What were some of the challenges you faced singing for this one?
It was challenging because the song has a lot of scope to do many things but this
particular song didn’t need too many improvisations. The song had to be heartfelt and passion driven and that is the reason why we kept it as raw and natural as possible. When too much freedom is given, we get blank on where to actually stop but I just followed Shalmali and her vision for the song.
What was your first reaction when you heard the song?
I was amazed. I called her immediately and told her how beautiful and fantastic the song was. I knew the singer inside of Shalmali but I didn’t know about her exceptional composing skills.
What’s your take on the independent music scene in India? How have you embraced it? Can we expect more independent music from you?
In the past ten years, people have started to listen to non-film music and attend concerts as well. It is definitely a good time to go Indie. I am not talking about remixes but about such artists who are passionate about songwriting and other skills as well.

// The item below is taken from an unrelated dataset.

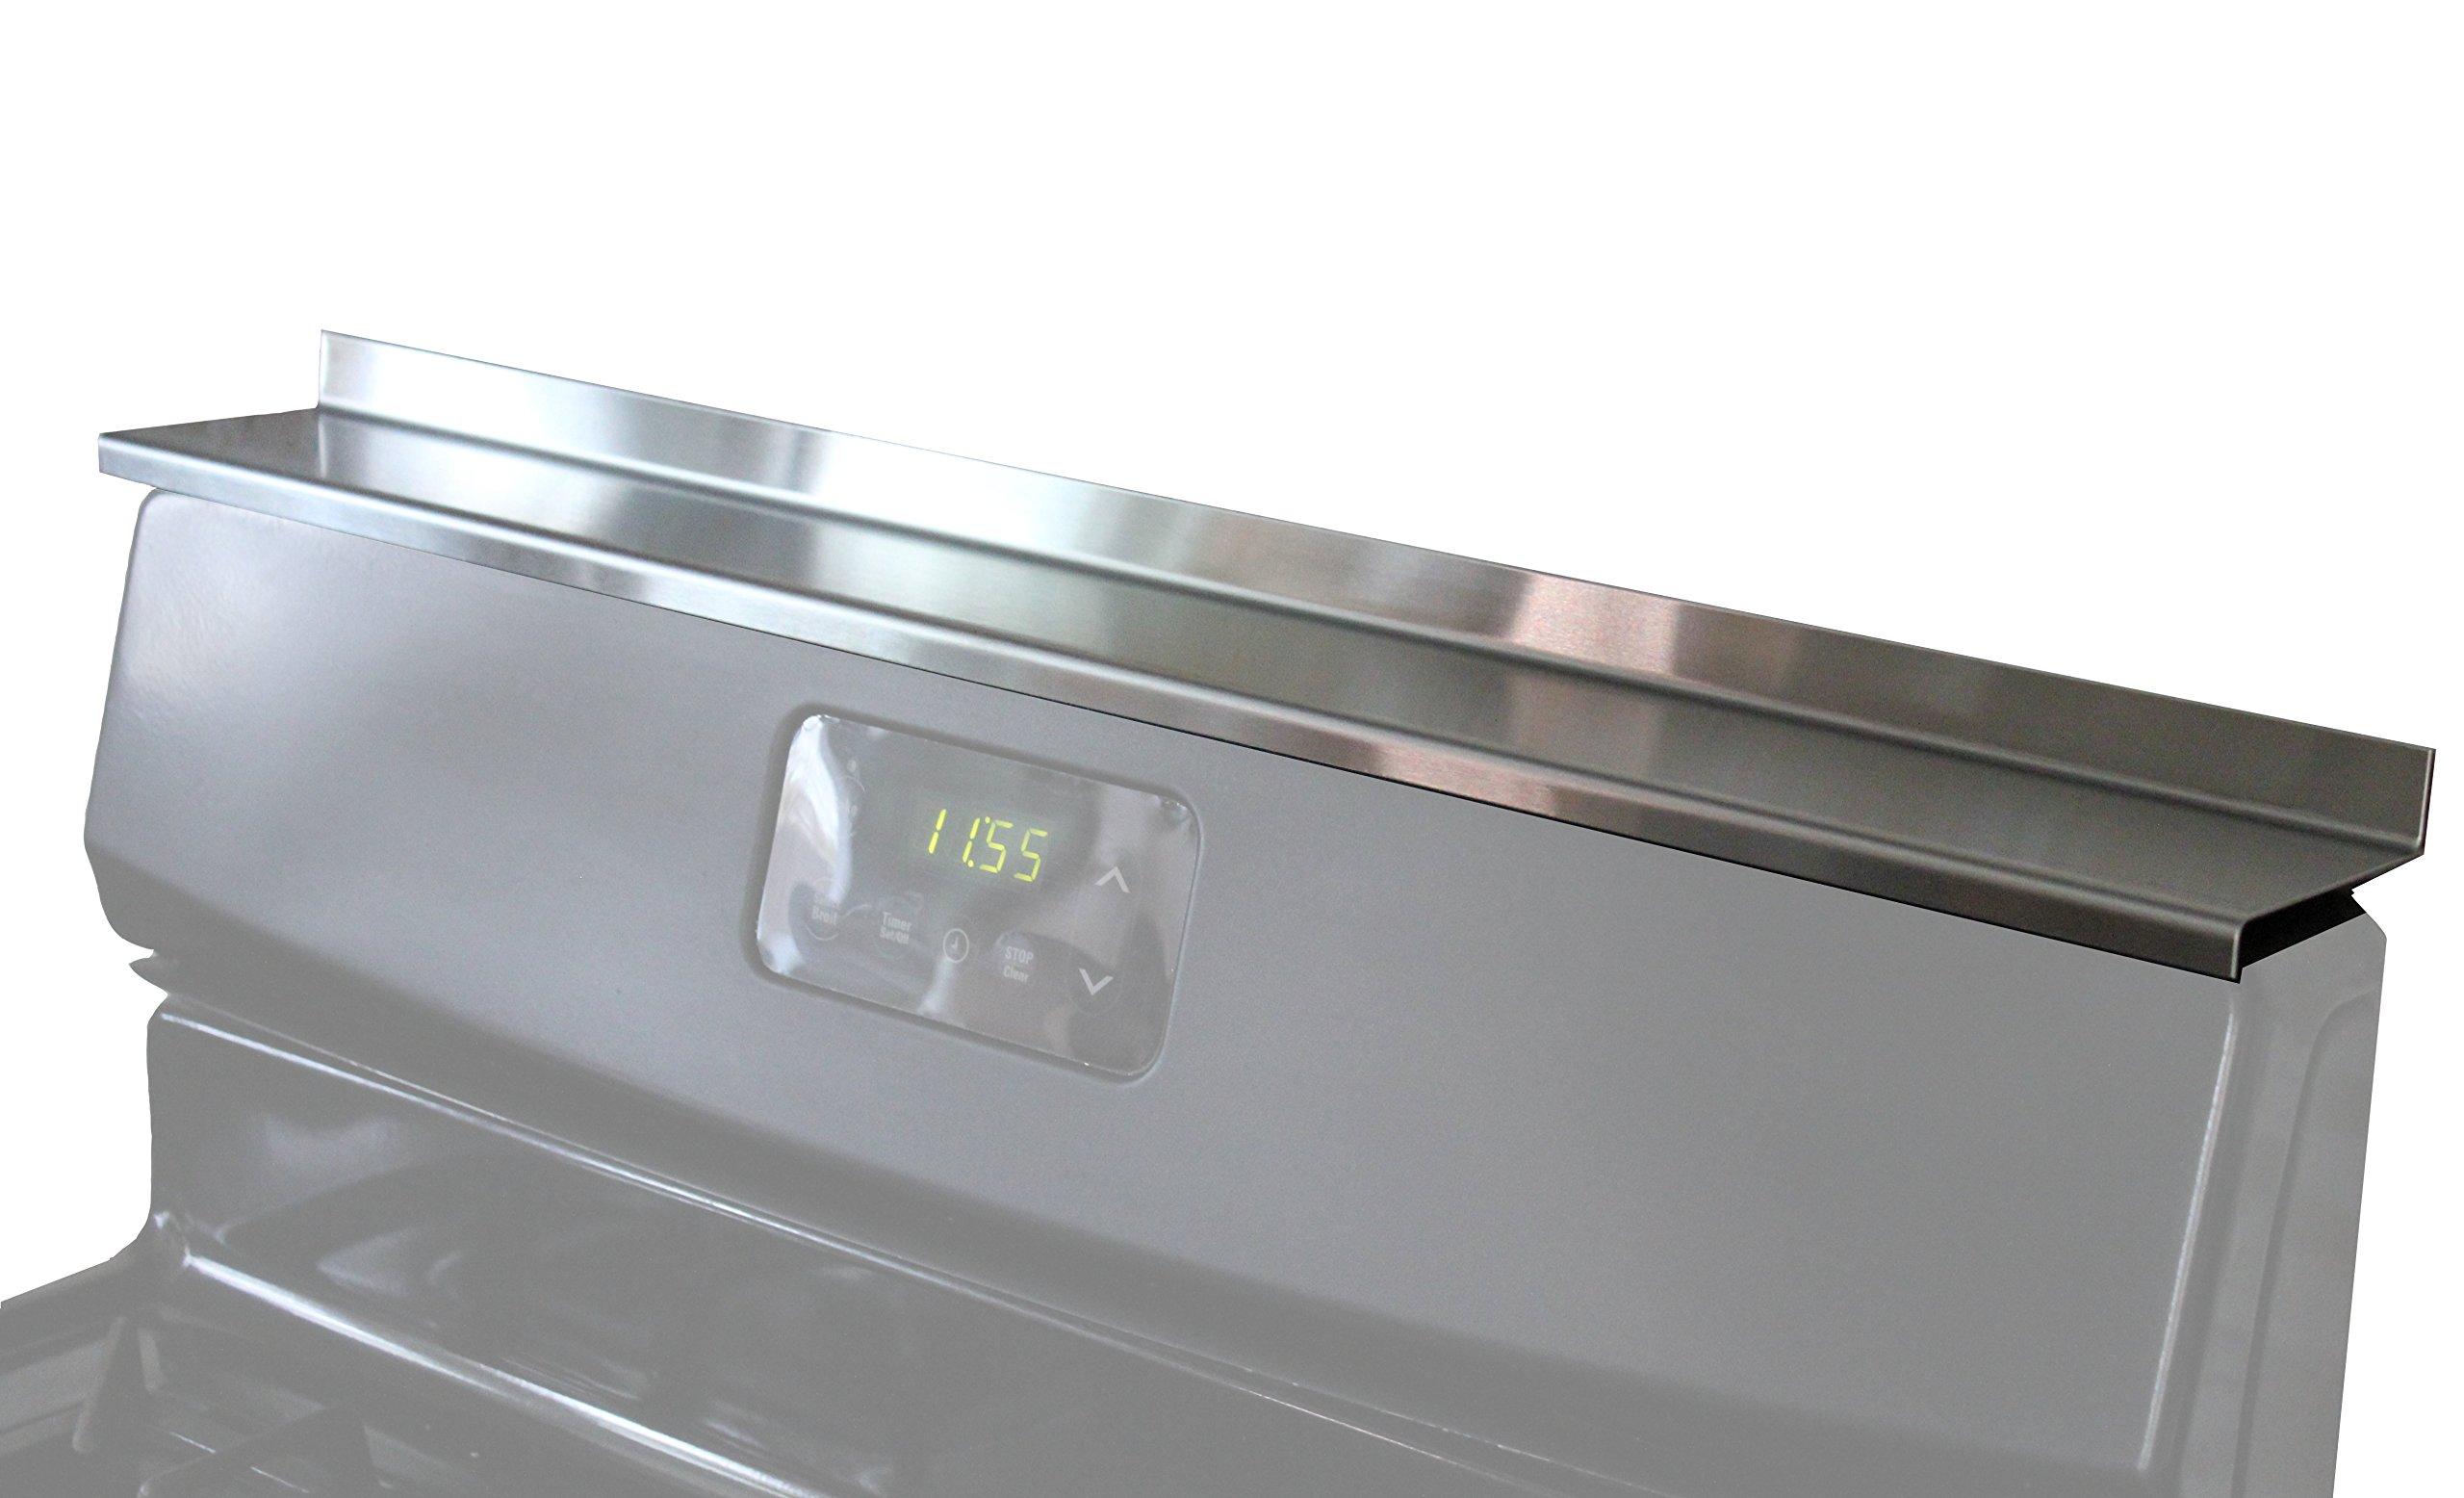 StoveShelf -Stainless Steel - 30'' - Magnetic Shelf for Kitchen Stove, Spice Rack, Kitchen Storage Solution, Zero Installation

Earlier, people used to run behind a reality show as a platform to get noticed, but thanks to streaming sites, a platform is automatically created for such artists.
Rapid Fire:
Your best Bollywood song you’ve sung so far: It is difficult to choose one song but I’d say Le Chale for my brother Nikhil and Aa Zara.
Is there a composer you want to work with, and haven’t worked so far?
I have worked with so many musicians already but there are so many wonderful people to work with.
A song that plays often on your playlist?
Betaab Di Ki Tamanna- this song was nonstop playing in my mind while I was doing household work during the lockdown.